Did some more investigation and it looks like if I stop a non-leader sensu server then the checks continue. However, stopping the leader causes the checks to stop. I can see in the logs where a new leader is elected after about a minute, however the health checks never resume. Just continually prints out the following every 30 seconds.

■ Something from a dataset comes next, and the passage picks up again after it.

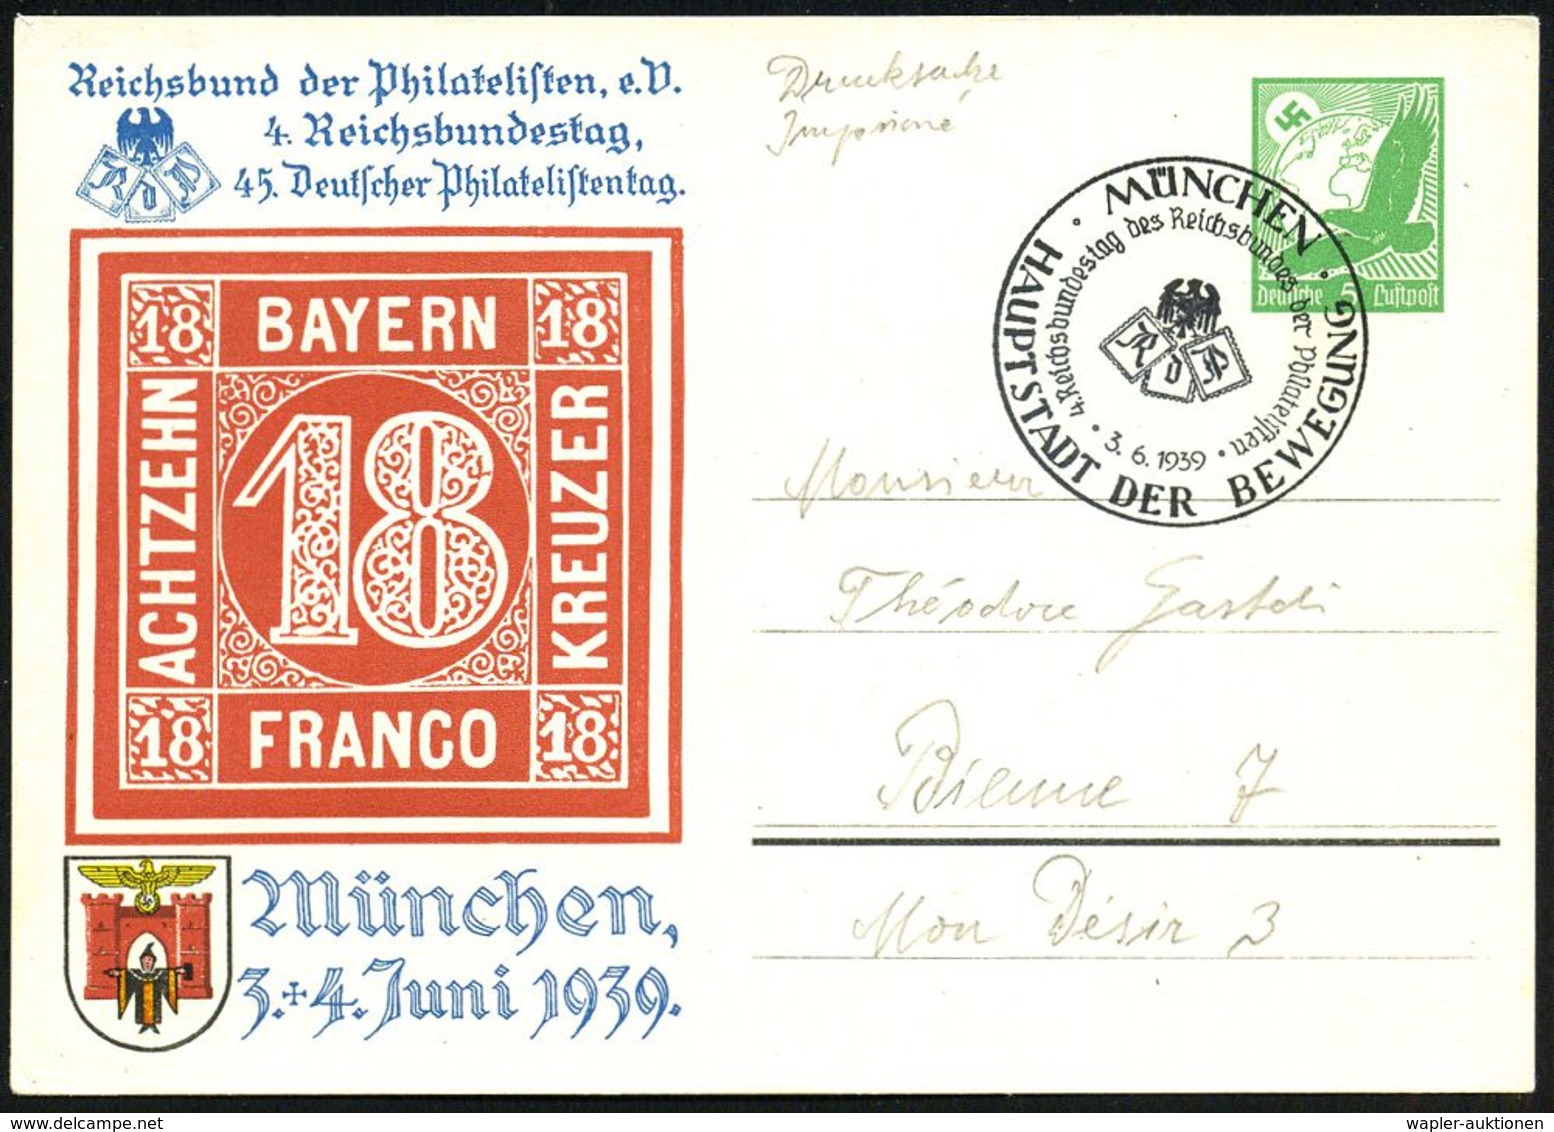 MÜNCHEN/ HDB/ 4.Reichsbundestag Des Reichsbundes Der Philatelisten 1939 (3.6.) SSt Auf PP 5 Pf. Adler, Grün: 4. Reichsbu - Philatelic Exhibitions

{“timestamp”:“2016-08-12T18:01:40.912790+0000”,“level”:“info”,“message”:“i am now the leader”}
{“timestamp”:“2016-08-12T18:02:10.912819+0000”,“level”:“info”,“message”:“determining stale clients”}
{“timestamp”:“2016-08-12T18:02:10.913089+0000”,“level”:“info”,“message”:“determining stale check results”}
{“timestamp”:“2016-08-12T18:02:40.913197+0000”,“level”:“info”,“message”:“determining stale check results”}
{“timestamp”:“2016-08-12T18:03:10.914089+0000”,“level”:“info”,“message”:“determining stale clients”}
{“timestamp”:“2016-08-12T18:03:10.914443+0000”,“level”:“info”,“message”:“determining stale check results”}
{“timestamp”:“2016-08-12T18:03:40.915434+0000”,“level”:“info”,“message”:“determining stale clients”}
{“timestamp”:“2016-08-12T18:03:40.915750+0000”,“level”:“info”,“message”:“determining stale check results”}
Not sure if this is a bug or an issue with my setup, so wondering if anyone else is seeing this issue or know of a bug that is causing this.
Thanks!
···
On Friday, August 12, 2016 at 9:43:06 AM UTC-7, Kevin Lee wrote:
I’m running 3 sensu instances each with sensu-server, sensu-client, and sensu-api using Redis (which uses Sentinel) as both the transport and data store. When I define a health check on one sensu server which runs for a subscription that each of the sensu server’s client is subscribed to, I have to first stop all sensu-server, sensu-client, and sensu-api instances on all machines, then AFTER they are all down then bring them all back up. If I don’t bring them all down first then the health check never starts running. So once everything is back up and running and the health check is running on all three instances. If I stop one sensu-server, the health checks stop running on the remaining instances. If I bring the server back up, the health check still does not run. In order to get the health check to run again automatically I must stop ALL sensu servers, clients, and api’s, then AFTER all are down, start them back up again. If I try to restart each one without first bringing them all down it fails to run just like when adding a new health check.
From what I can tell, there are no errors in any of the logs.
Is this expected behavior? If not, any ideas on what the issue could be.